Background information
- Genres: Electro-jazz
- Occupation(s): Saxophonist, composer, radio producer
- Instrument: Tenor saxophone
- Labels: Sony Music, Super Bad Trax
- Website: www.jeromebadini.com

= Jérôme Badini =

Jérôme Badini is a French saxophonist, composer and founder of the electro-sax style. He was appointed jazz producer at Radio France in 2010.

==Biography==
Jérôme Badini is son of Gérard Badini, a sax player and conductor who worked with Duke Ellington, Stan Getz and Dee Dee Bridgewater, among others, and grandson of an opera singer at La Scala.

Jérôme Badini started his career as a composer and played tenor saxophone in a number of jazz and pop bands in Europe. He is the founder of the electro-sax style, which has inspired a number of international artists. Fueled on Maceo Parker and Bennie Maupin, it has been said that the sax is a trance-maker in his hands. The style of Jérôme Badini can be described as a powerhouse sound, terse and hypnotic, like a DJ at a bank of turntables, spinning the melody into a tight, seductive frenzy. He played in many of the most famous clubs and concert halls in the world, including Ibiza, New York, Miami and Paris.

In 2001, he met with Alexkid through Dimitri From Paris and composed with him the ballad Trindade for Trip Do Brasil (Sony Music). In 2002, with David Duriez, he recorded Get On Down (2020 Vision). In 2004, he has composed and produced his first album, Round The Clock (Super Bad Trax), a 12 track journey to the enchanted world of Super Bad, the tenor sax adventurer!

In 2006, he has worked for the first time with his father's orchestra, mixing and producing Scriabin's Groove, setting Alexander Scriabin piano pieces opposite their transpositions into the idiom of jazz. In 2007, Jean-Philippe Audin (VideoCello), Jérôme Badini (ElectroSax) and Judith Darmont (VideoKeyboard) created the MovieSonic concept, mixing on stage music, photo and video triggered through their digitally enhanced instruments.

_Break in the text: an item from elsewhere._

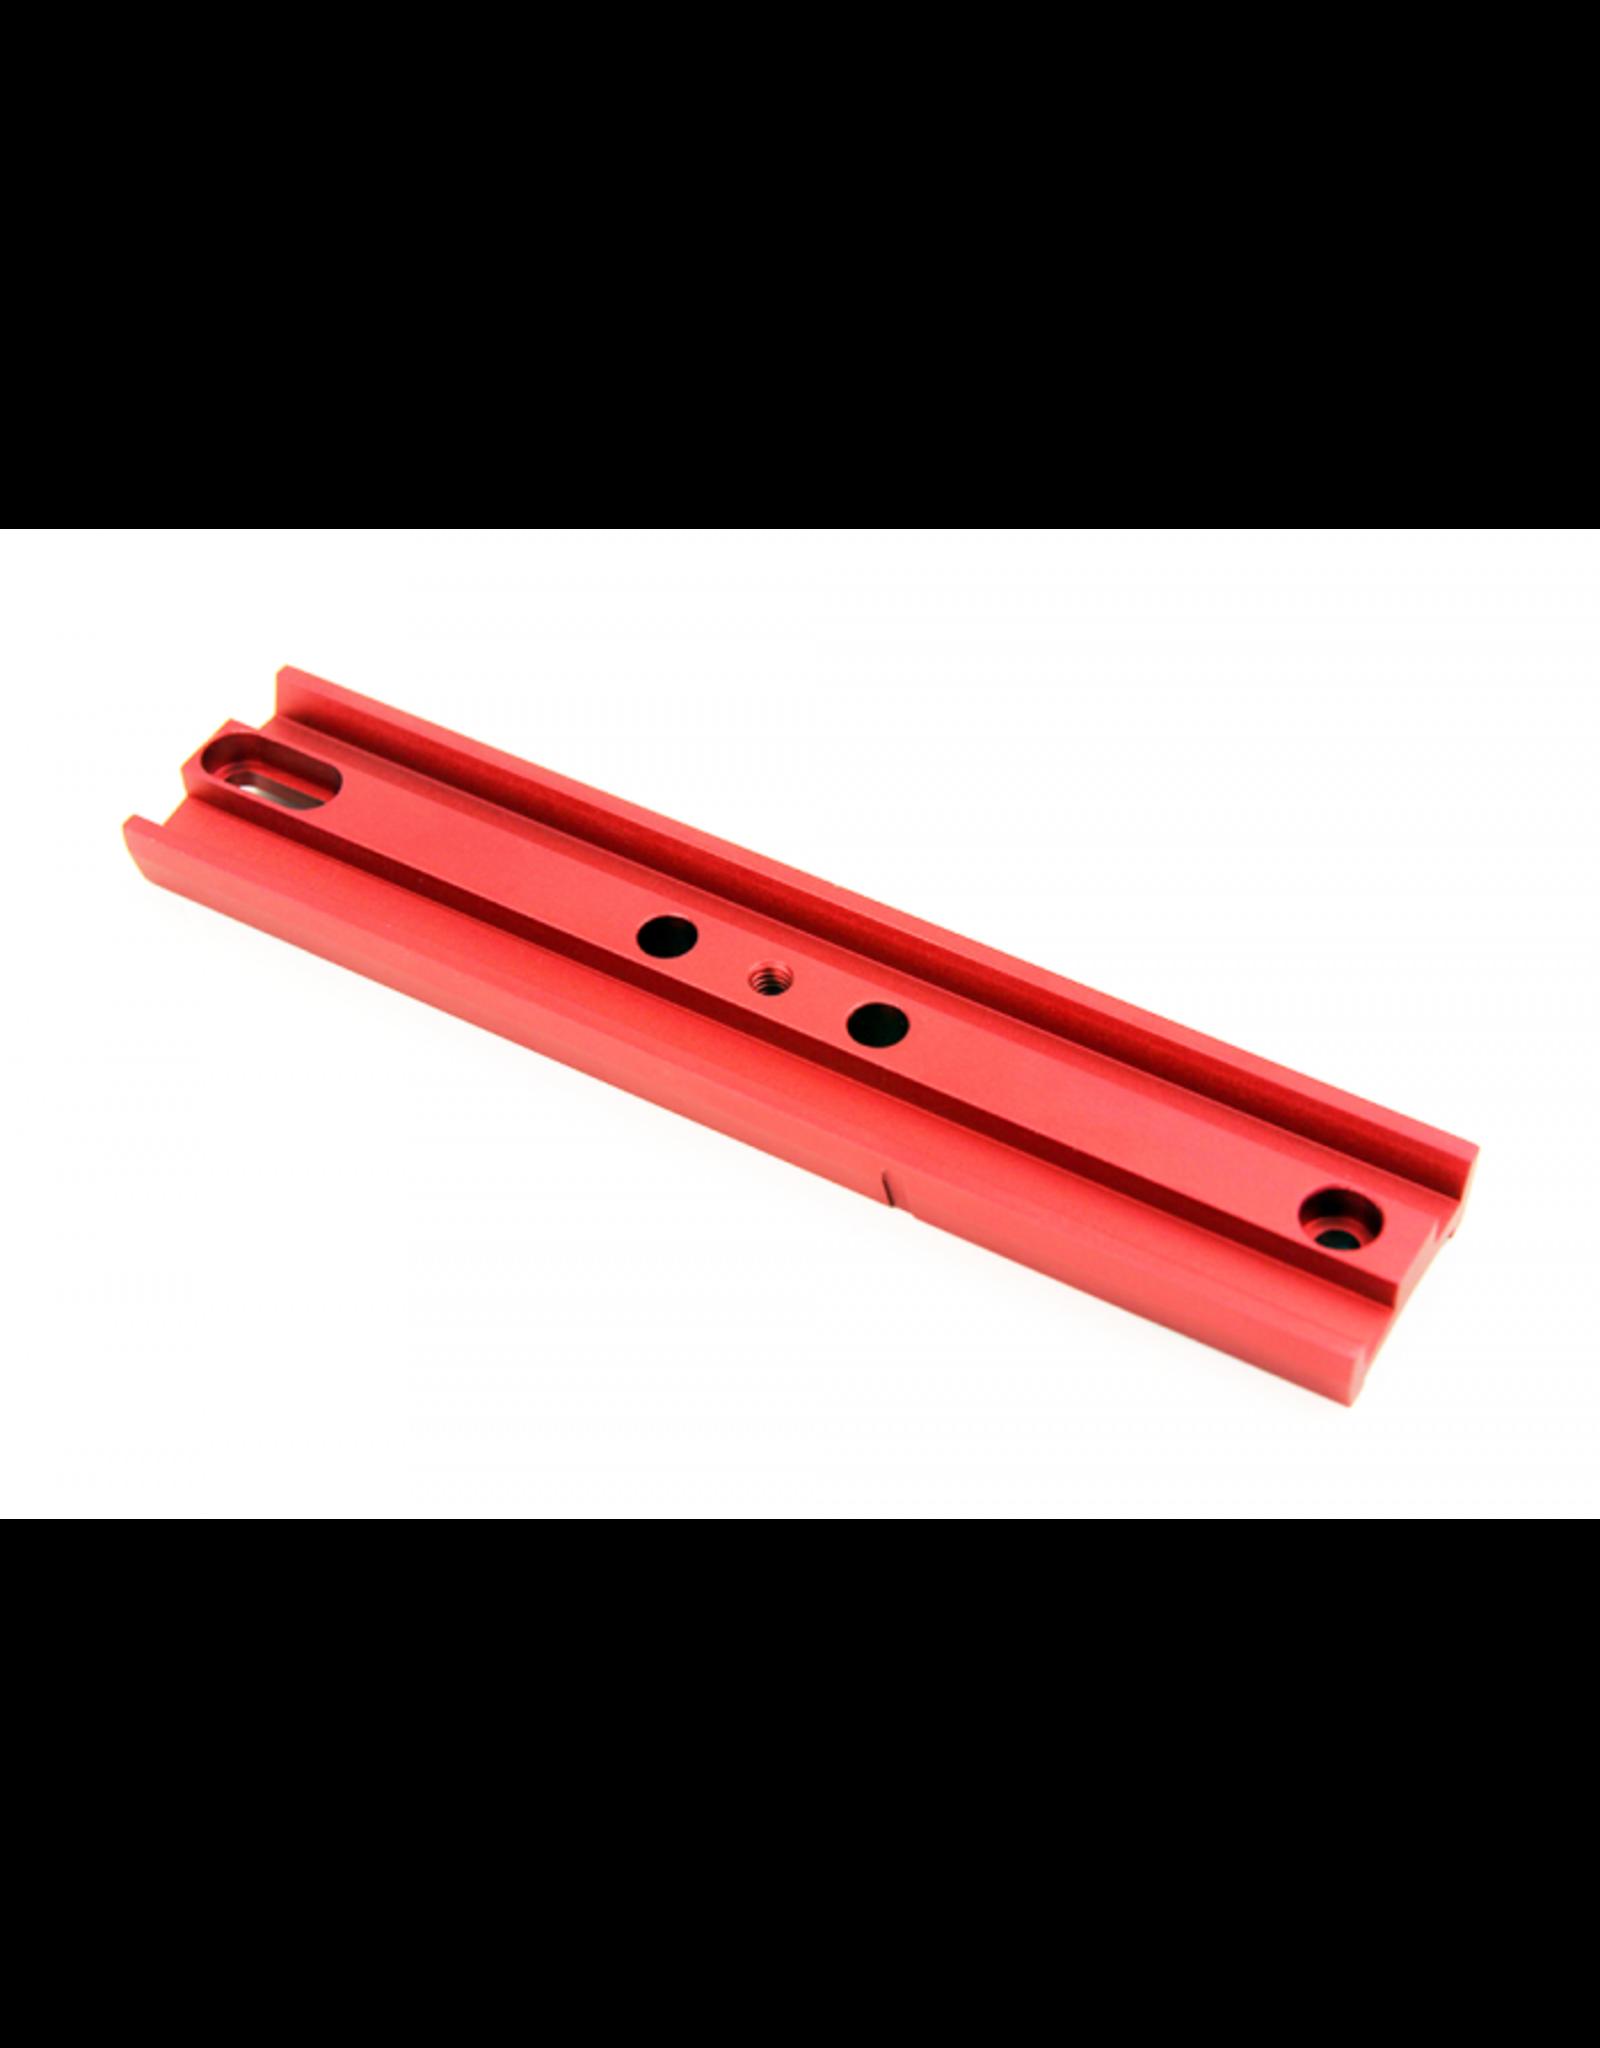 William Optics William Optics Vixen-Style 8 inch Dovetail Plate – (Specify Red or Black)
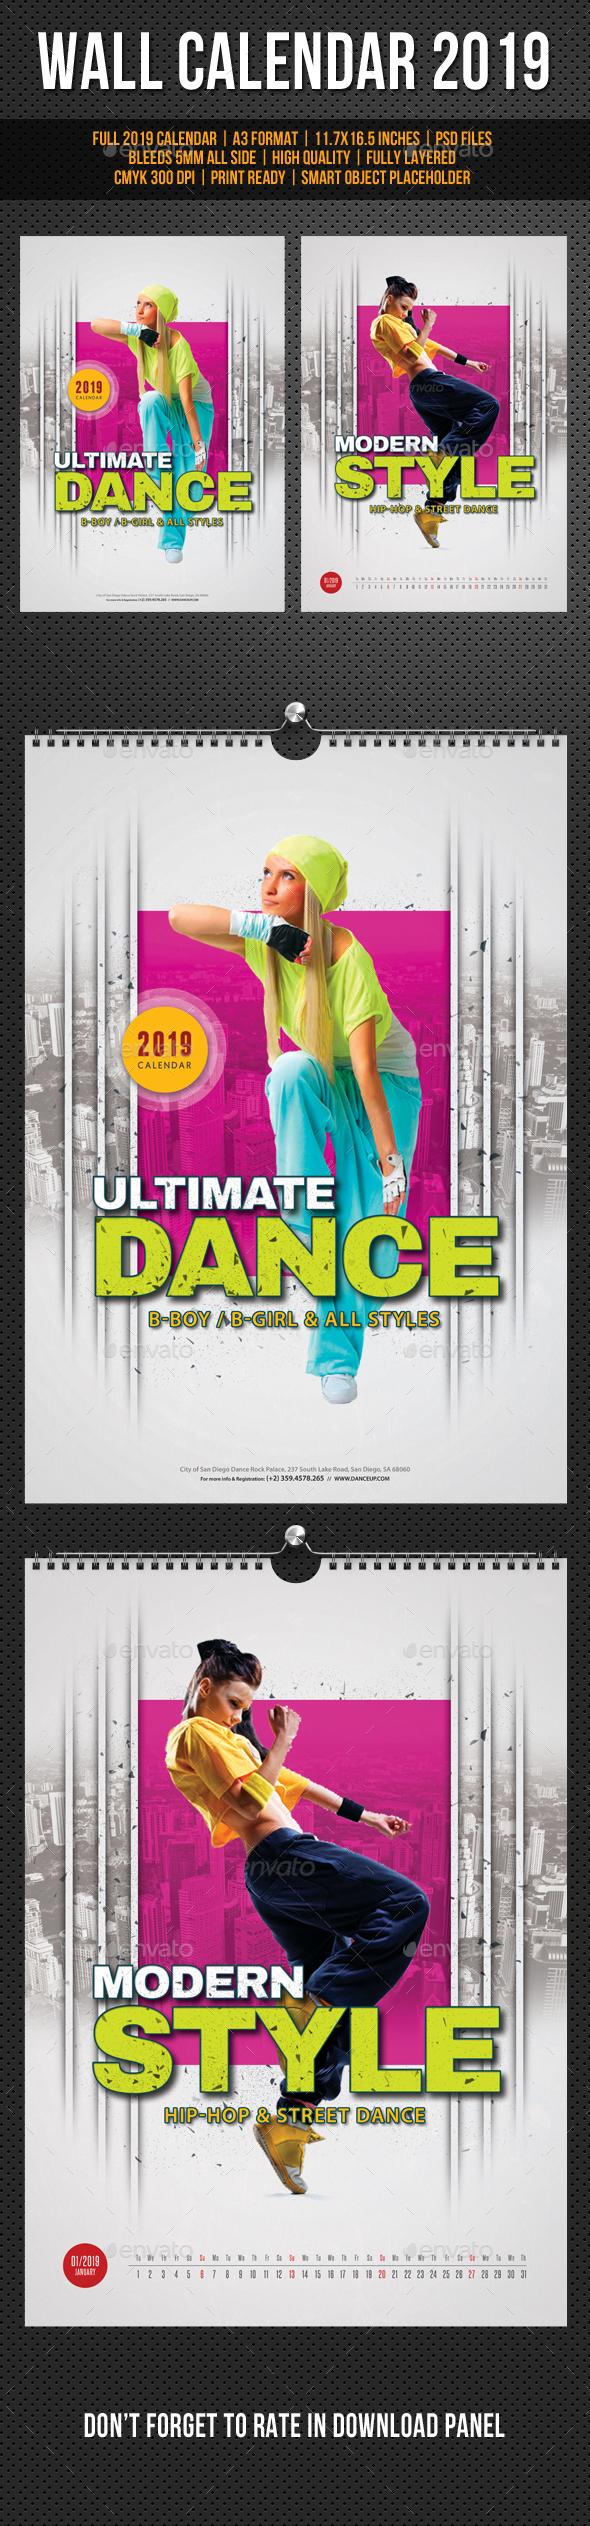 Modern Style Dance Wall Calendar A3 2019 - Calendars Stationery

Since 2010, Jérôme Badini is producer at Radio France and presents the radio show Les légendes du jazz, on France Musique.

==Discography==
- Trip Do Brasil (Sony Music, 2001)
- Get On Down (2020 Vision, 2002)
- Foreground (Super Bad Trax / IC Music, 2003)
- Round The Clock (Super Bad Trax / IC Music, 2004)
- Scriabin's Groove (Super Bad Trax, 2006)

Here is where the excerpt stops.